RECORDED DATA Block Start

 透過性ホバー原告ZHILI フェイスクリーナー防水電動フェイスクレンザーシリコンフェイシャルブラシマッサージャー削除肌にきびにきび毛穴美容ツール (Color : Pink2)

RECORDED DATA Block End
RECORDED DATA Block Start

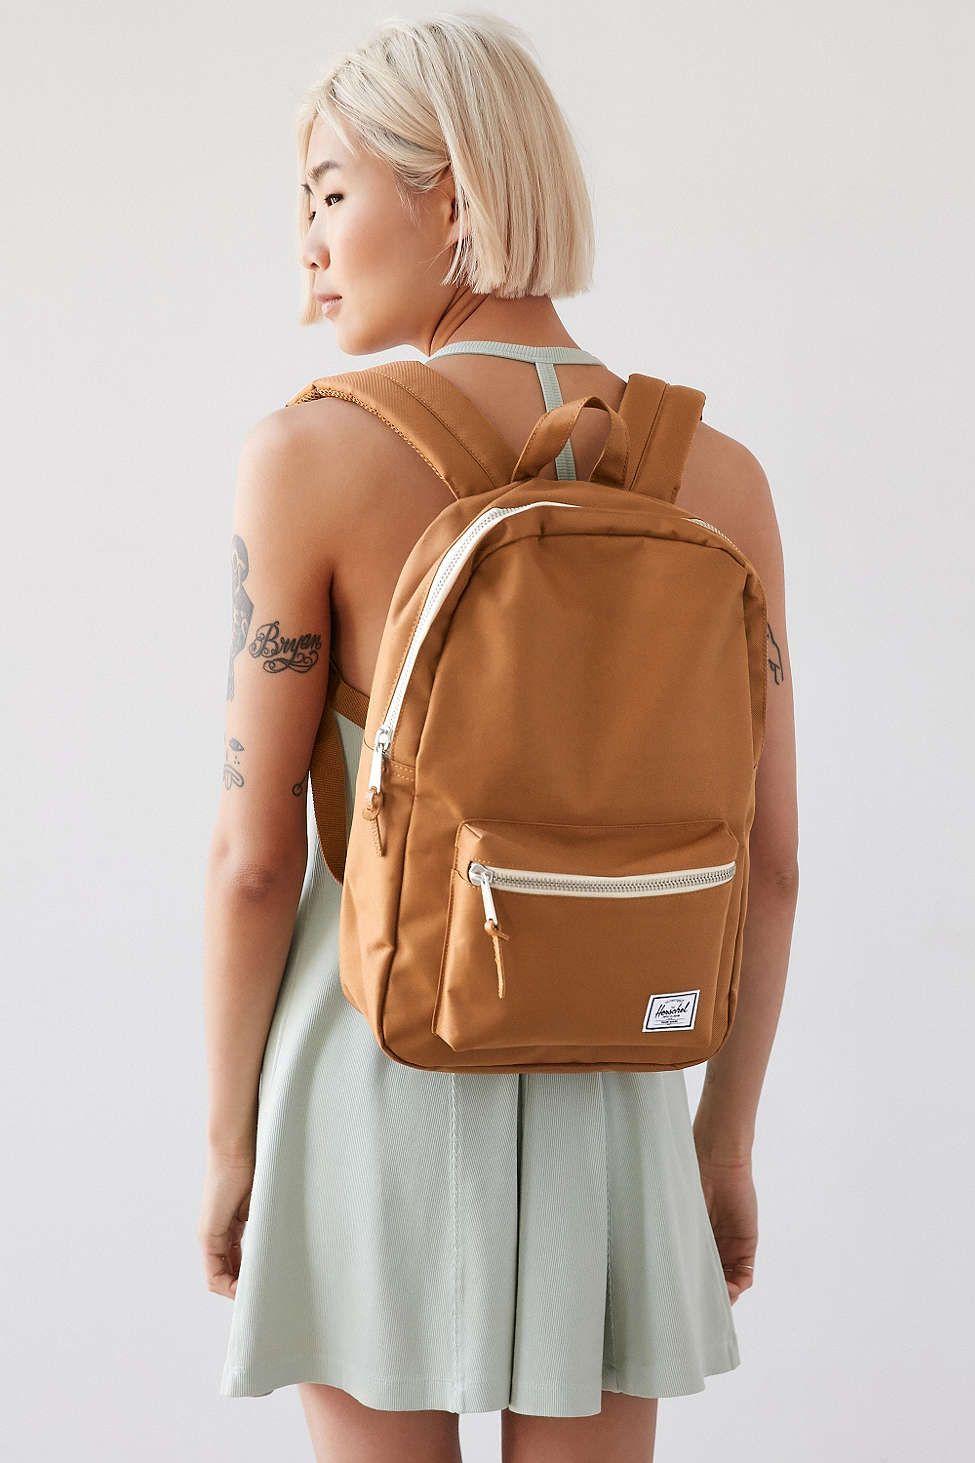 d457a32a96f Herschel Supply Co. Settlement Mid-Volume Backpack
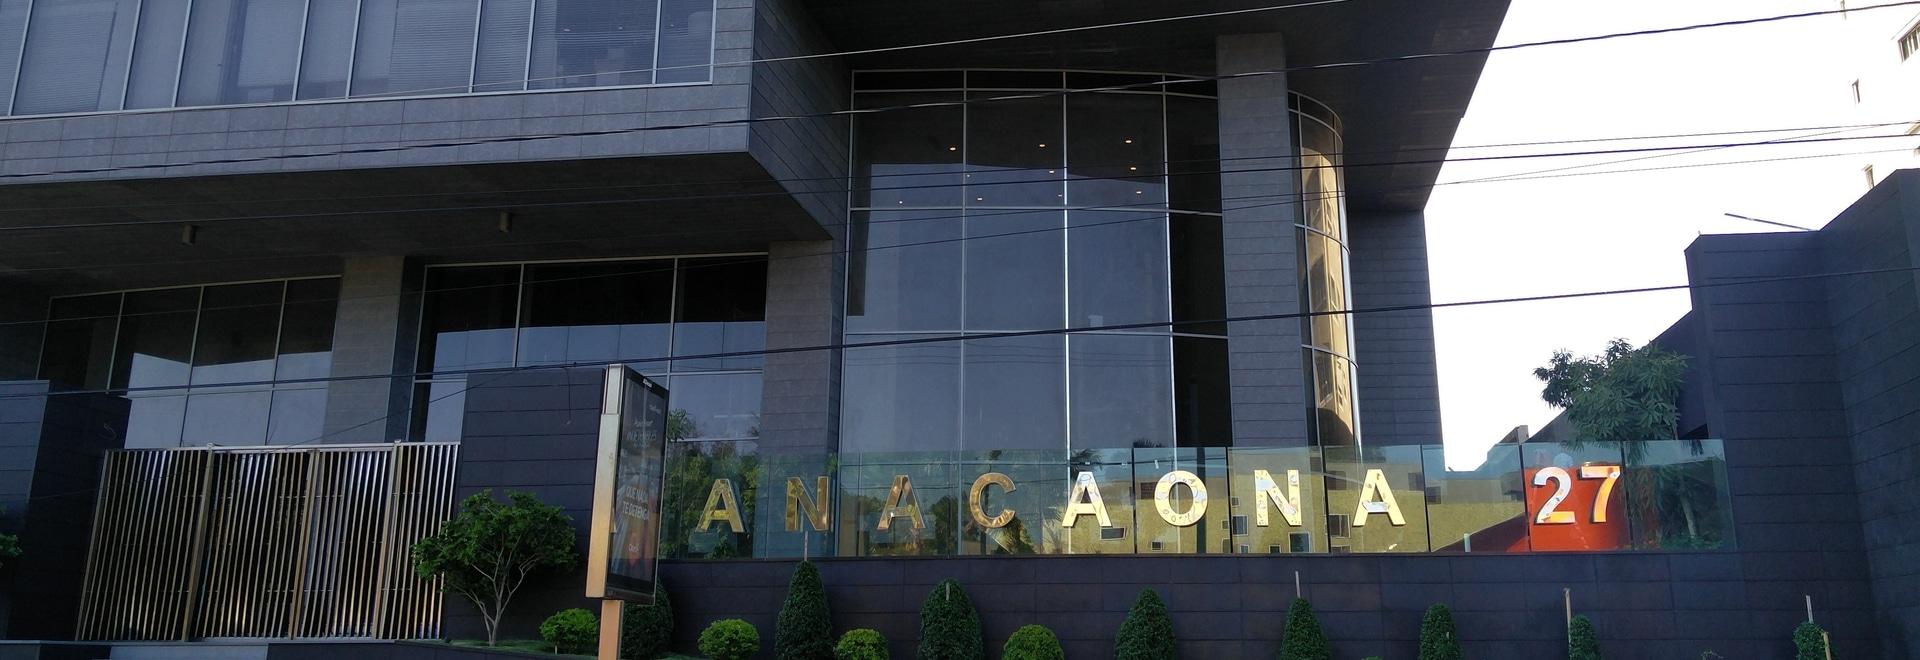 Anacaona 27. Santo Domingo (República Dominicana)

RECORDED DATA Block End

*TASK*
Print, exactly, each line above from the one with "d457a32a96f Herschel Supply" to the one with "Anacaona 27. Santo", end lines included. Leave pictures out of it.

*EXPECTED ANSWER*
 d457a32a96f Herschel Supply Co. Settlement Mid-Volume Backpack
 Anacaona 27. Santo Domingo (República Dominicana)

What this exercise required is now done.